- _Data shown_:
#####

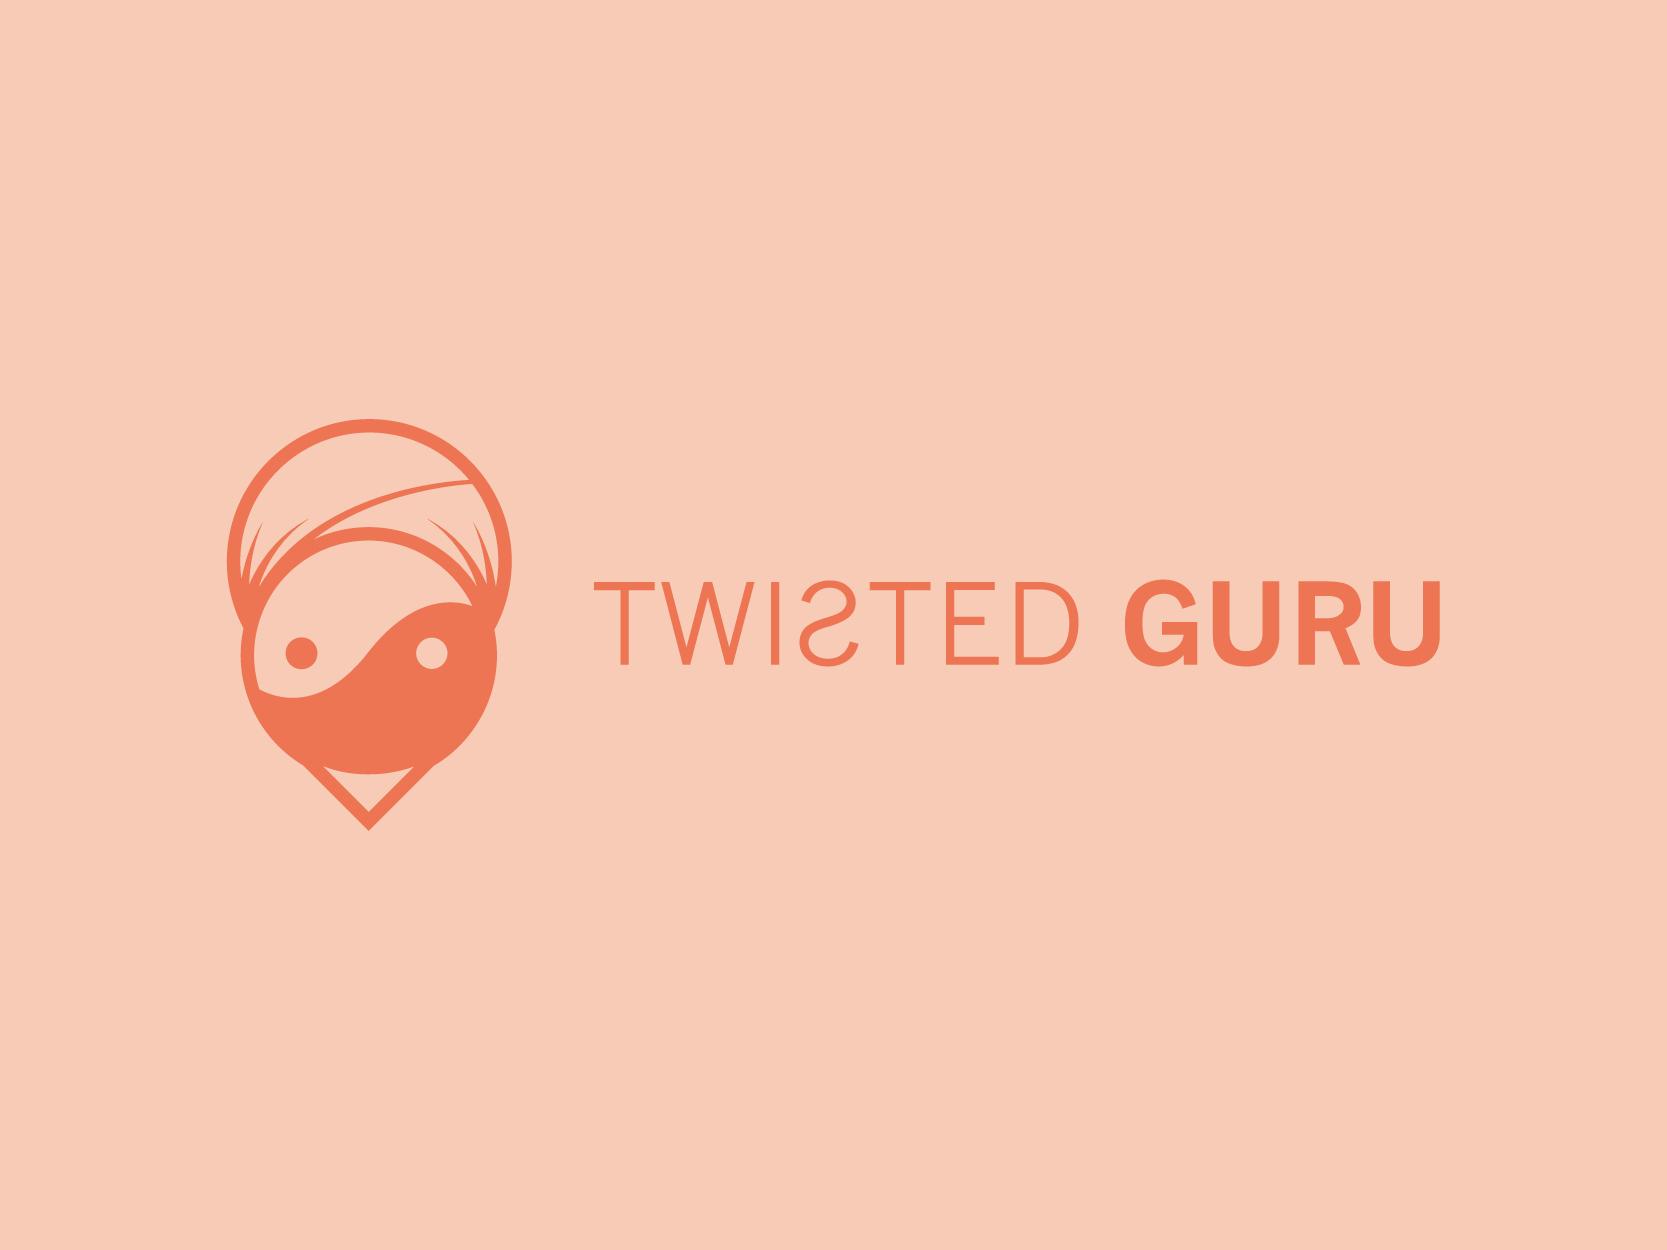 Twisted Guru V7.jpg
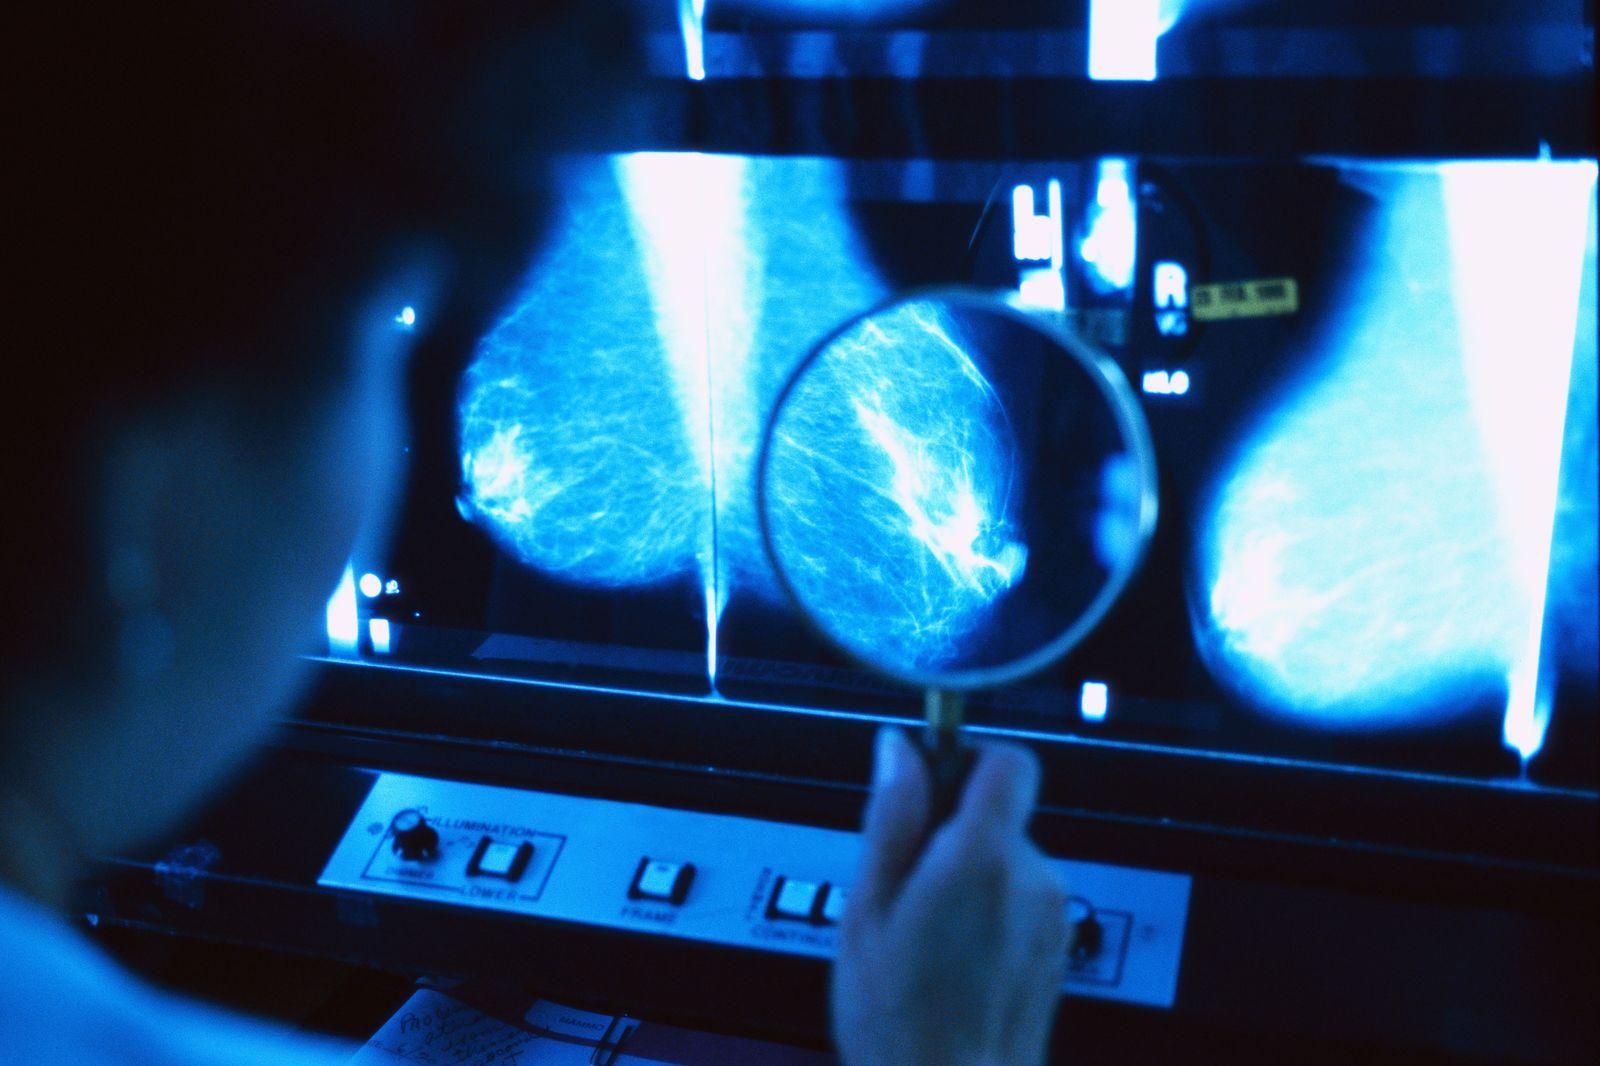 NICHT MEHR VERWENDEN! - Mammographie
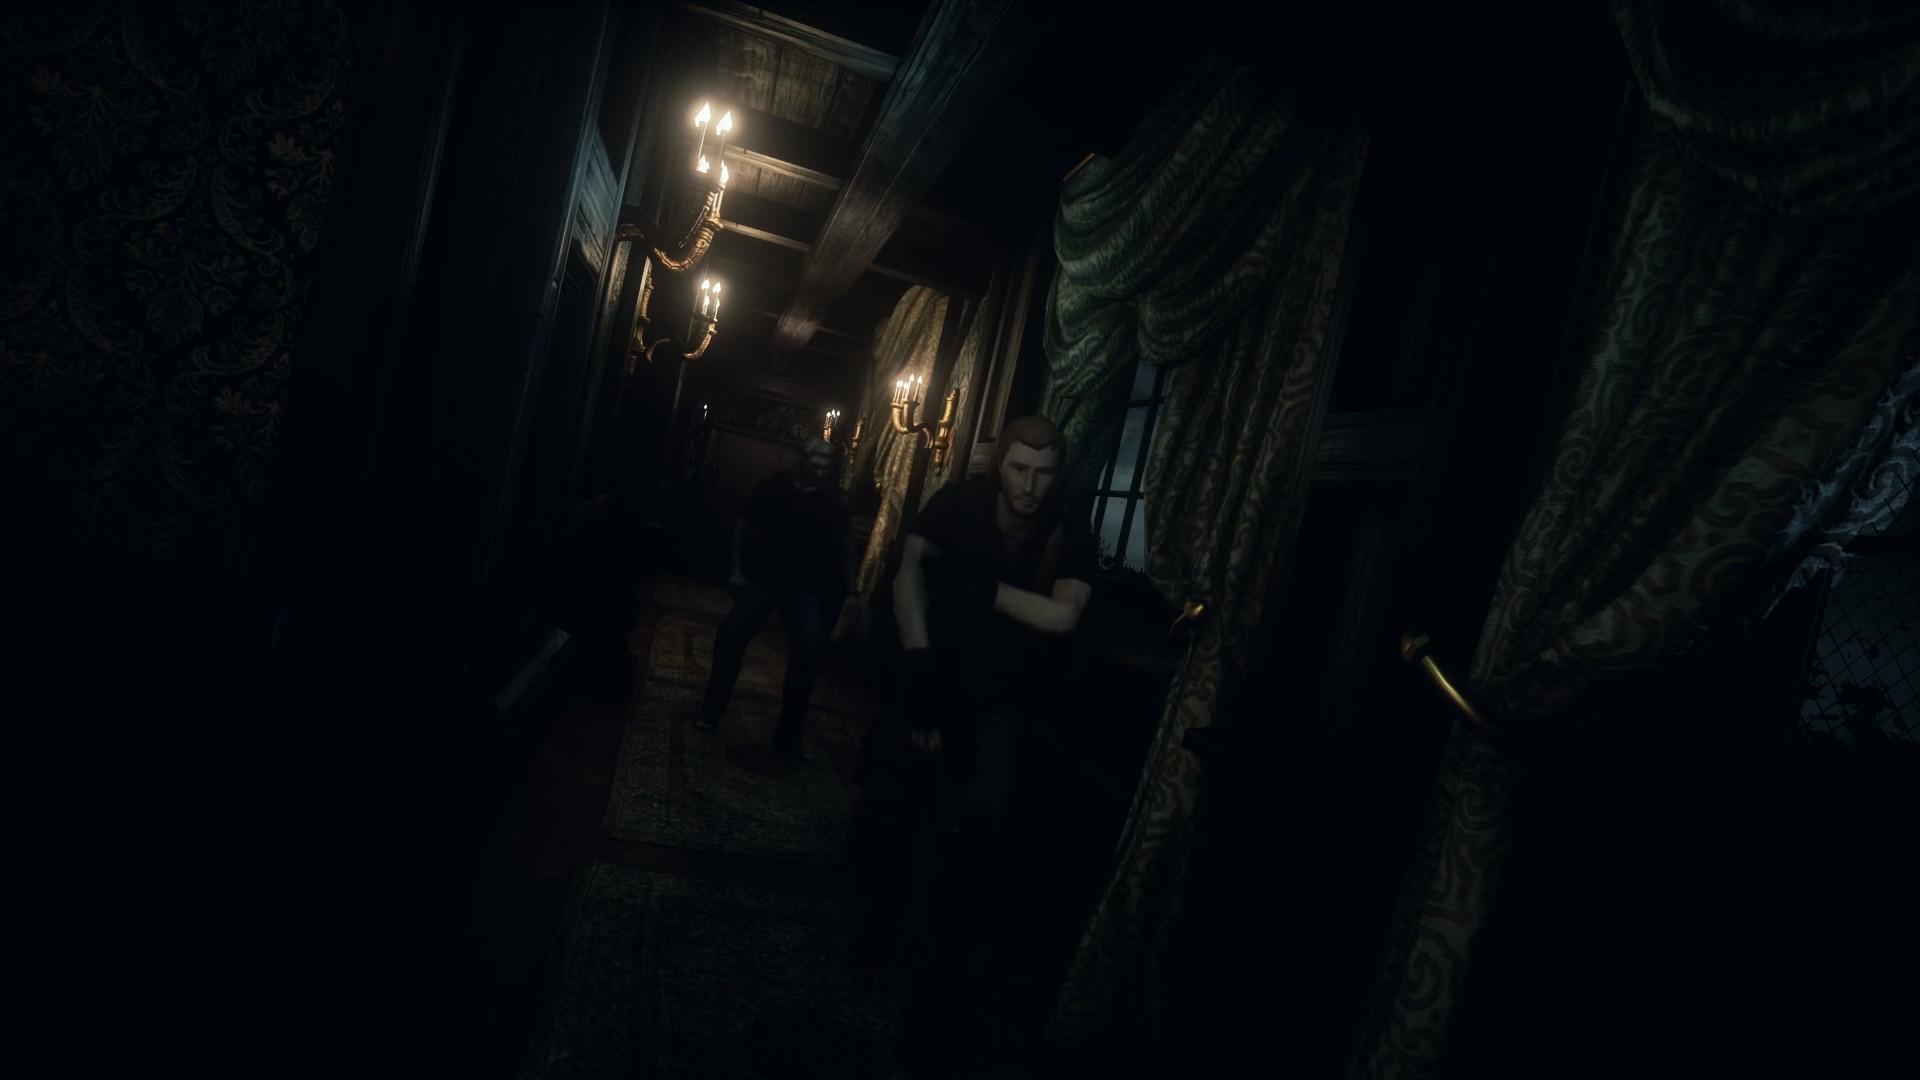 Вышел трейлер с геймплеем нового клона Resident Evil, в котором есть зомби и головоломки
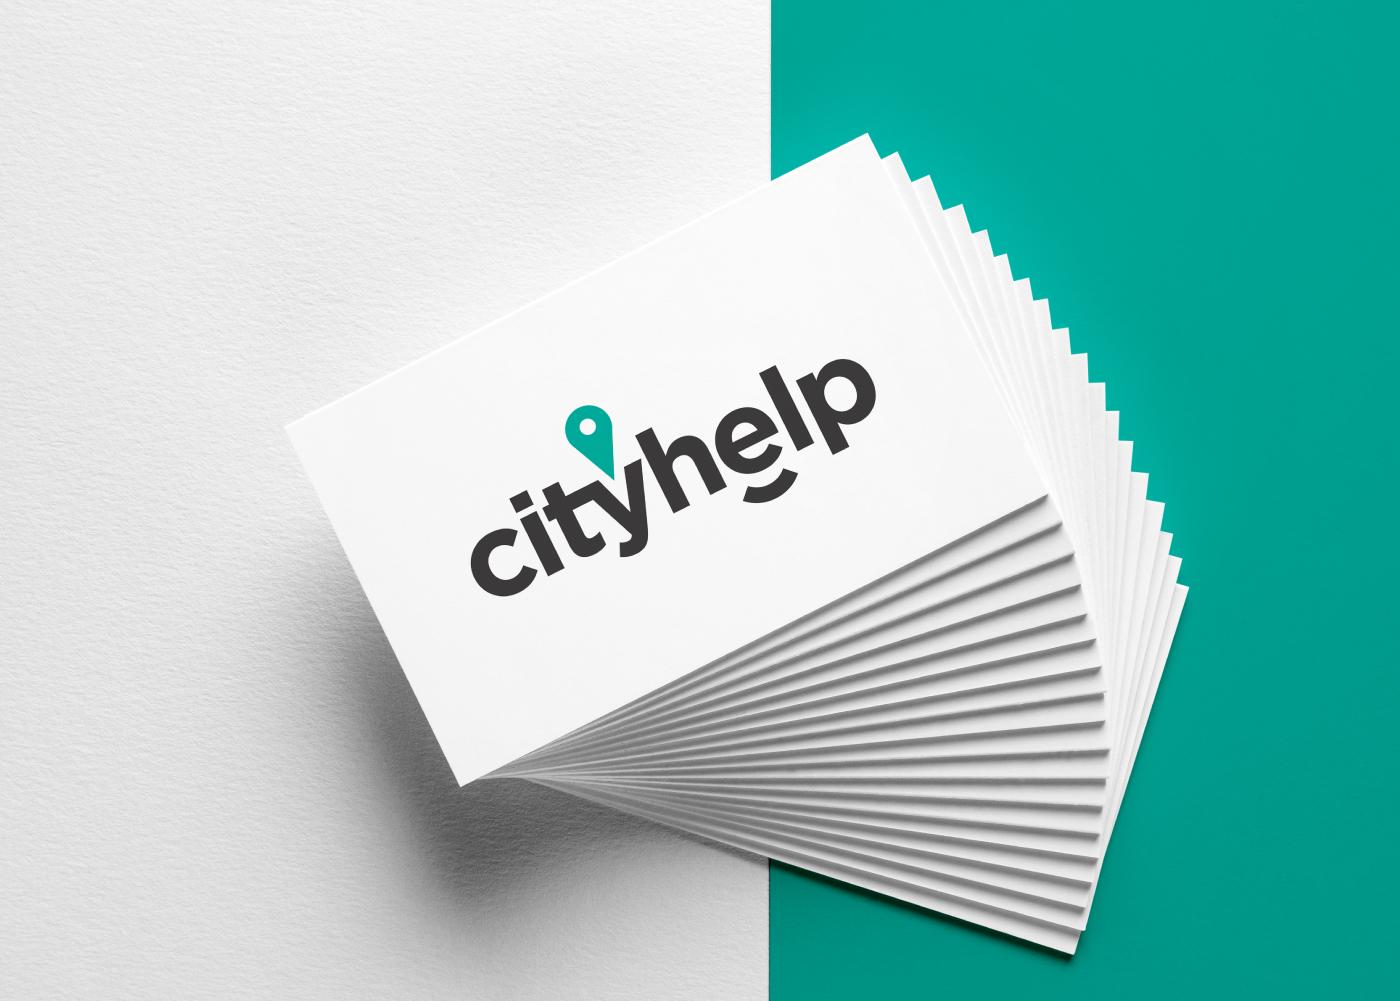 cityhelp-marca-logotipo-tarjetas

#####

- _What the task requires_:
Once the pictures are set aside, transcribe the remaining lines above exactly.

- _Solved problem_:
 Twisted Guru V7.jpg
 NICHT MEHR VERWENDEN! - Mammographie
 Вышел трейлер с геймплеем нового клона Resident Evil, в котором есть зомби и головоломки
 cityhelp-marca-logotipo-tarjetas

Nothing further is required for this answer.